In production AI applications, you rarely use just one model. GPT-4o handles creative generation, Claude excels at reasoning, and Groq delivers sub-second inference with open-source models. Spring AI makes it straightforward to wire all of them into a single Spring Boot application using patterns you already know.

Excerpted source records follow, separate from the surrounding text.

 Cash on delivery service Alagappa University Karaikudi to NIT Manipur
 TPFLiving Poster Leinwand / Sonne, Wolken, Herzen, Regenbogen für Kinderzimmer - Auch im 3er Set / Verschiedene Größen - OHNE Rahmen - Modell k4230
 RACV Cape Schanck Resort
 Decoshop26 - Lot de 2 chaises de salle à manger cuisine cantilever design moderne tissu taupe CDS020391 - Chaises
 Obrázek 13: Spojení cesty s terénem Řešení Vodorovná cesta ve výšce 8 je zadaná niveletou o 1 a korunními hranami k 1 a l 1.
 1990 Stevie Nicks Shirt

This article covers the **@Qualifier pattern** for multi-model configuration, the **mutate() pattern** for runtime flexibility, **OpenAI-compatible endpoints** for providers like Groq, and a **model router** strategy for production systems.

* * *

## The Problem: Bean Conflicts with Multiple Starters

When you add a single Spring AI starter — say `spring-ai-openai-spring-boot-starter` — Spring Boot auto-configures an `OpenAiChatModel` bean that implements the `ChatModel` interface. A `ChatClient` is built on top of it. Everything works.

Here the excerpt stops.